User Defined Functions in Snowpark

Data engineers and developers can use IDEs and tools of their choosing to write User Defined Functions (UDFs) which can be bound and used, and Snowpark pushes all of those operations directly on Snowflake.

Some scenarios and use cases where loading UDFs are beneficial include:

  1. Loading trained models for scoring
  2. Scanning column values for anomalies and PII
  3. Deploying common (Java) libraries for developers across data team members

In-line UDF

In this example, the StreamSets Engine for Snowpark data pipeline is designed to read Twitter data from a table in Snowflake, perform some transformations like remove duplicate tweets and “encrypt” tweets using the in-line UDF and store those in a new table in Snowflake.

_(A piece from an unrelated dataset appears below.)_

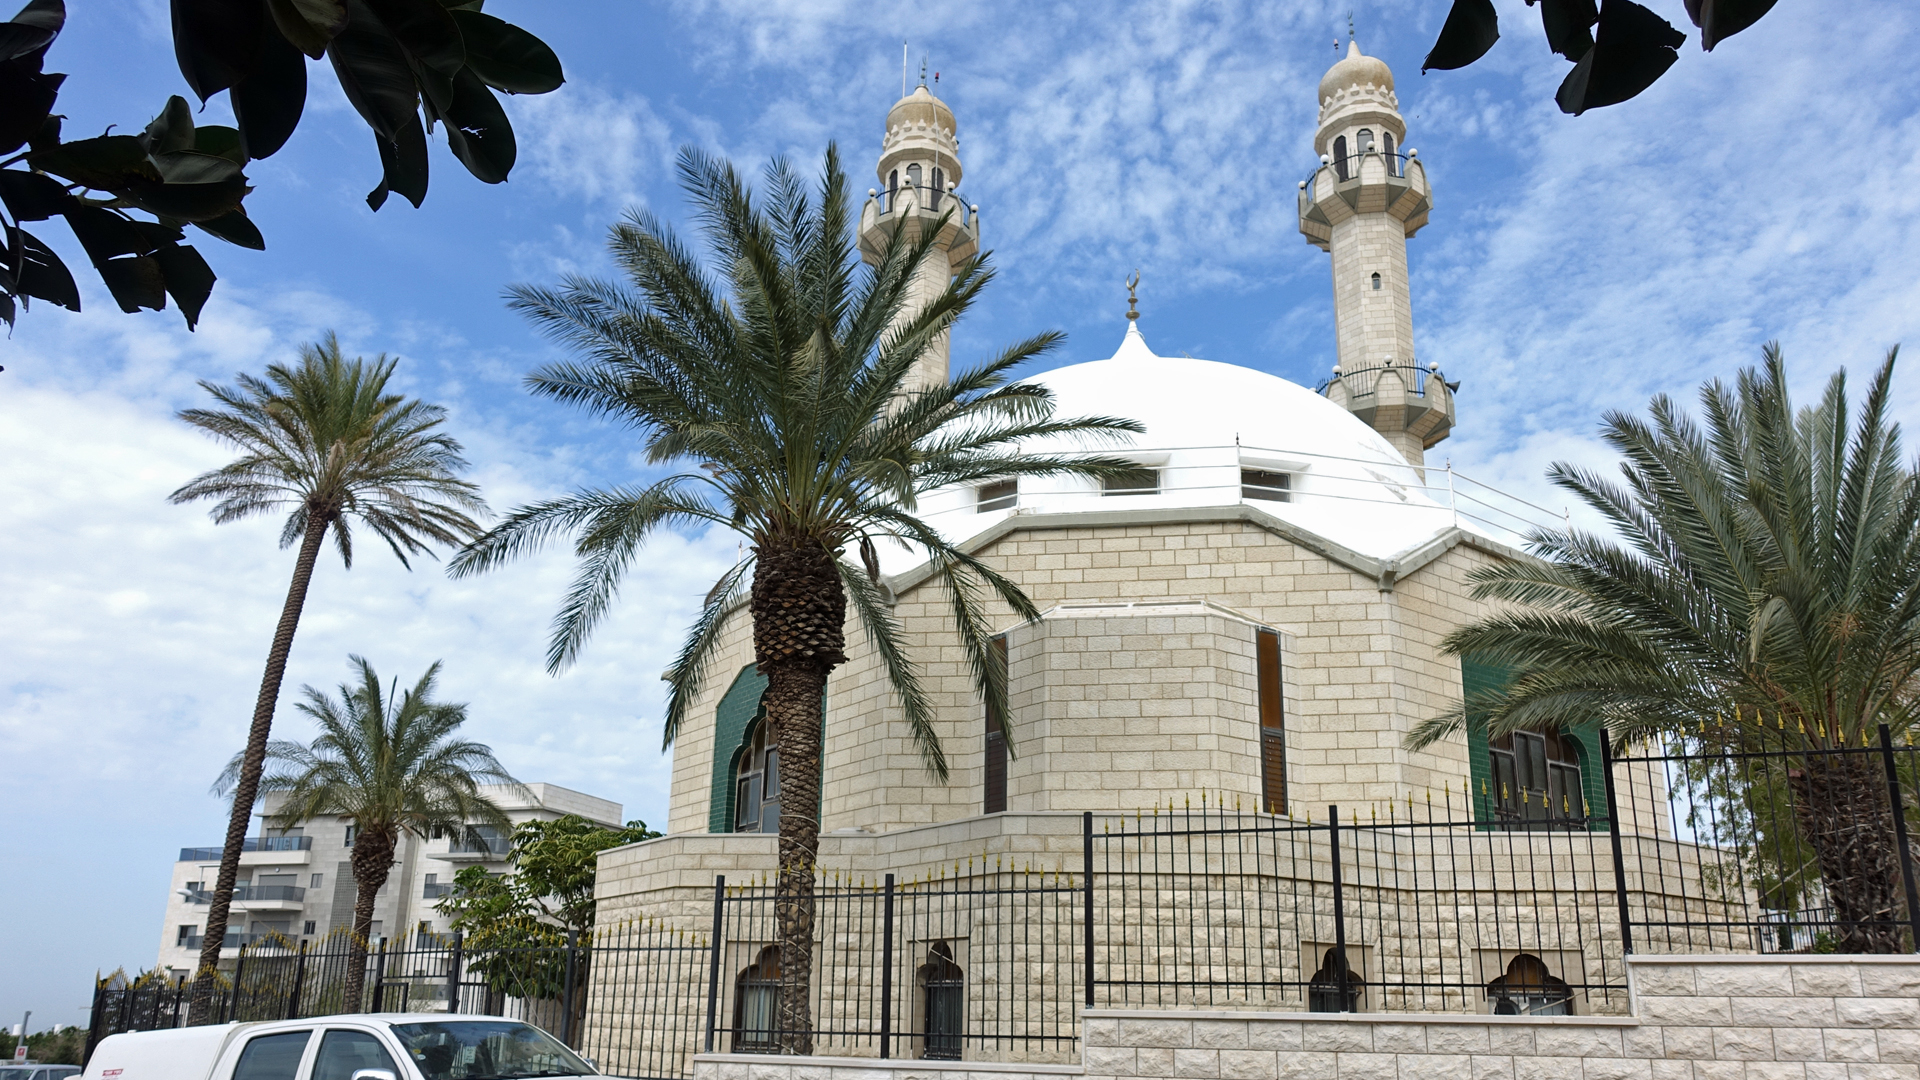 Die Mahmud-Moschee beherrscht mit ihren 34 Meter hohen Minaretten das Bild von Kababir

The in-line UDF comprises a Java class with one static method that takes a string as a parameter and returns the same string in reverse order as shown below.

import java.util.ArrayList;
import java.util.Arrays;
import java.util.List;

public class SimpleEncrypt {

  public static String reverse_string(String s) {
    return new StringBuilder(s).reverse().toString();
  }

}

This UDF can be dropped into the data pipeline as shown below. 

StreamSets Engine For Snowpark

And the UDF reverse_string can then be called from SQL to perform the transformation as shown below.

select ID, USER, reverse_string(TWEET) as encrypted_tweet from $table

StreamSets Engine For Snowpark

Running this data pipeline results in the table being automatically created on Snowflake, if it doesn’t already exist, and the data being inserted into it as per the SQL query described above.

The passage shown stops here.